To investigate the nature of the blebs in the Rac1-null cells, we used the myosin II inhibitor blebbistatin (Straight et al., 2003; Limouze et al., 2004). This inhibitor rapidly blocked the blebbing activity of these cells and promoted the formation of filopodia-like, long, thin projections (Supplementary Video 2). In contrast, in control cells, blebbistatin promoted lamellipodia formation (Supplementary Video 1). These observations indicate that the observed blebbing is generated by a myosin II-dependent mechanism.
Rac1-null cells contained abundant actin stress fibers, similar to control cells, as seen after phalloidin staining (Figure 4). However, in many control cells F-actin structures were seen forming arcs; these structures were not seen in Rac1-null cells. In contrast, in Rac1-null cells, actin bundles tended to extend all the way parallel to the cell edge, similar to areas of retraction seen in wild-type cells. Finally, in contrast to control cells, no ruffles were seen in the null cells under any conditions (Figure 4).
Wound Closure, Cell Spreading, and Focal Adhesions in the Absence of Rac1
Using DN mutants, Rac1 has been implicated in the polarized migration necessary for in vitro wound closure by a fibroblast monolayer (Nobes and Hall, 1999). We analyzed the process of wound closure by Rac1-null cells using time-lapse digital microscopy. After wounding of near confluent cells, Rac1-null cells were capable of closing the wound at just over half the rate of wild-type control cells (0.100 ± 0.002 μm/min for Rac1-null cells vs. 0.190 ± 0.003 μm/min for control cells; t test, p < 0.05, n = 6; Figure 5, A-C). In contrast to wild-type cells, Rac1-null cell migration into the wound occurred through pseudopodial-like protrusions without lamellipodia formation or ruffling (Figure 5A, Supplementary Video 3). The Rac1-null cells also appeared to remain tethered to other cells at the wound's edge (Supplementary Video 3), which may have contributed to slower wound closure rates.

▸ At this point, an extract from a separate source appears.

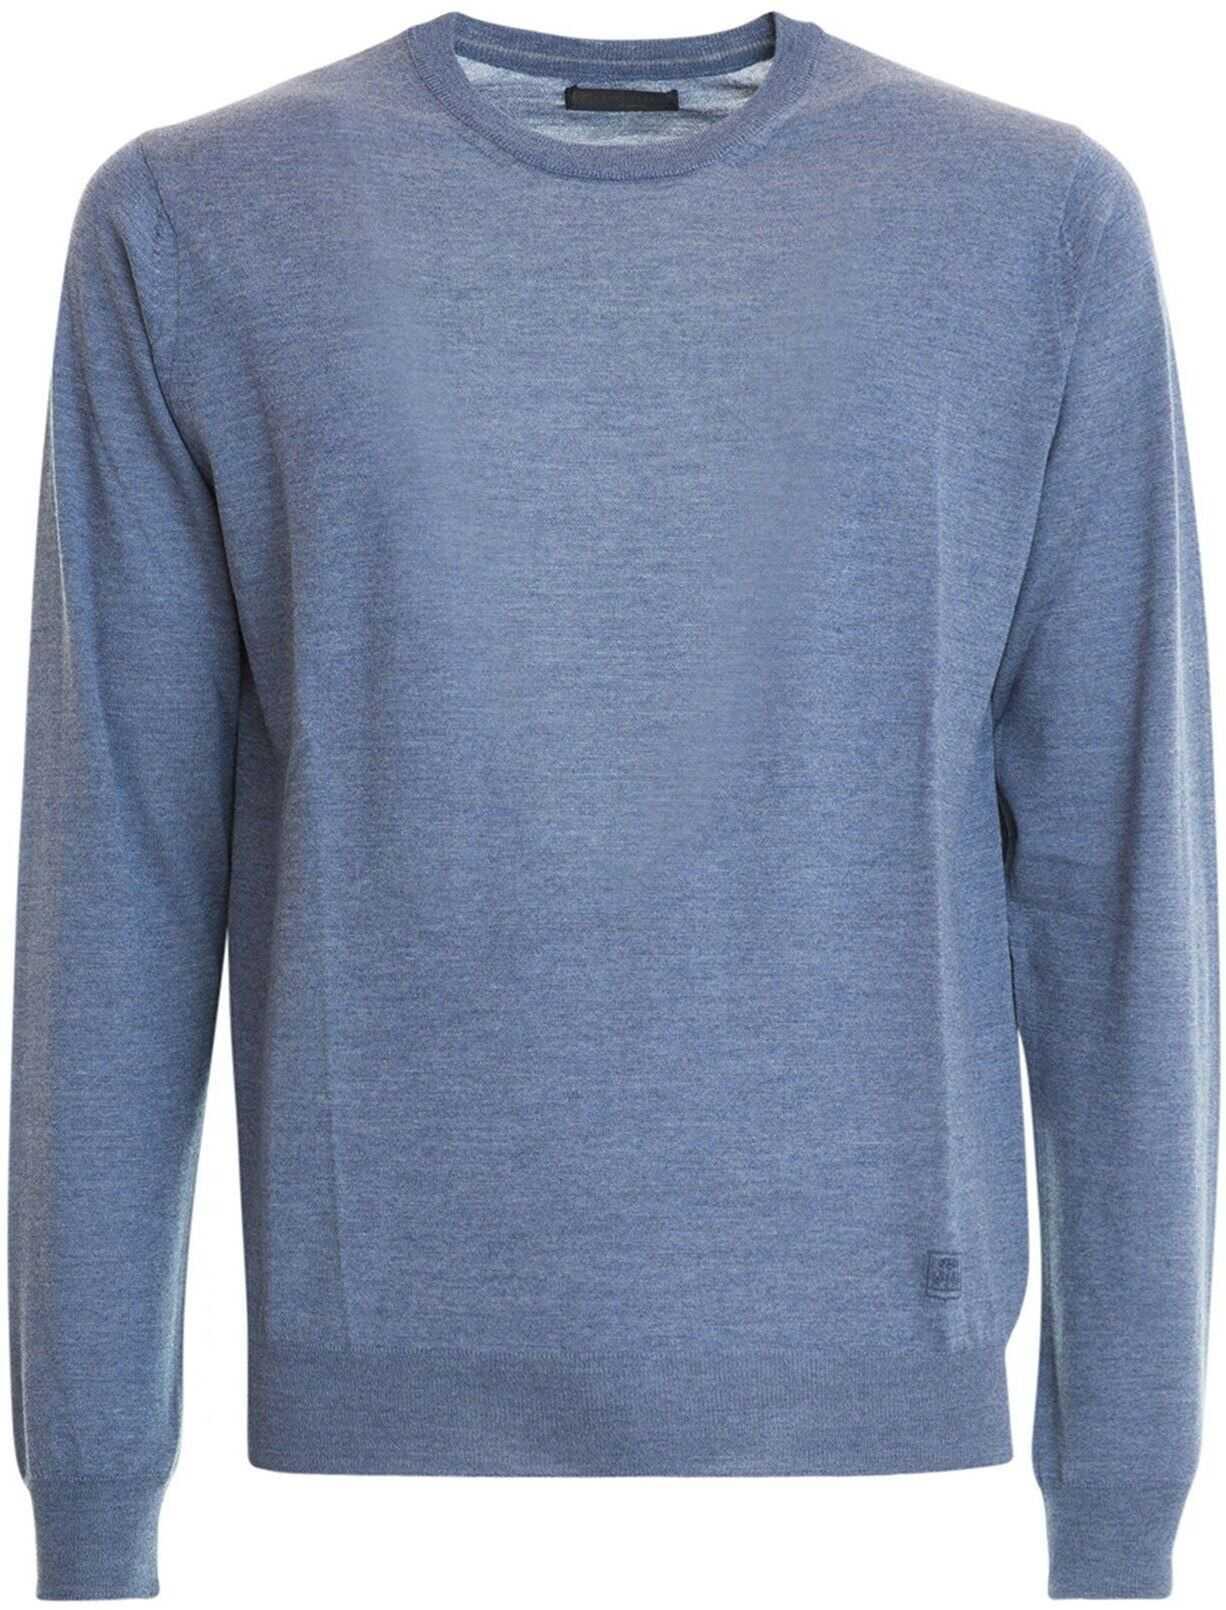 CORNELIANI Melange Wool Crew Neck Sweater In Light Blue Light Blue imagine

To explore migratory differences that cause the reduction in wound closure rates, we performed tracking of cells at the edge of the wound. We found a significant reduction in both the persistence and speed of the Rac1-null cells (Figure 5, D-F). Rac1-null cells have an average speed during wound closure of 0.07 ± 0.004 μm/min, whereas their wild-type counterparts move at 0.16 ± 0.022 μm/min (t test, p < 0.01, n = 60). Persistence, as defined by the ratio of D/T (see Material and Methods), was slightly reduced in Rac1-null cells (0.48 ± 0.04) in comparison to control cells (0.64 ± 0.03, t test, p < 0.01, n = 60). These results suggest that a combination of reduced speed and impaired directionality are the cause of the reduction of wound closure rates, but a defect in release from other cells may also contribute.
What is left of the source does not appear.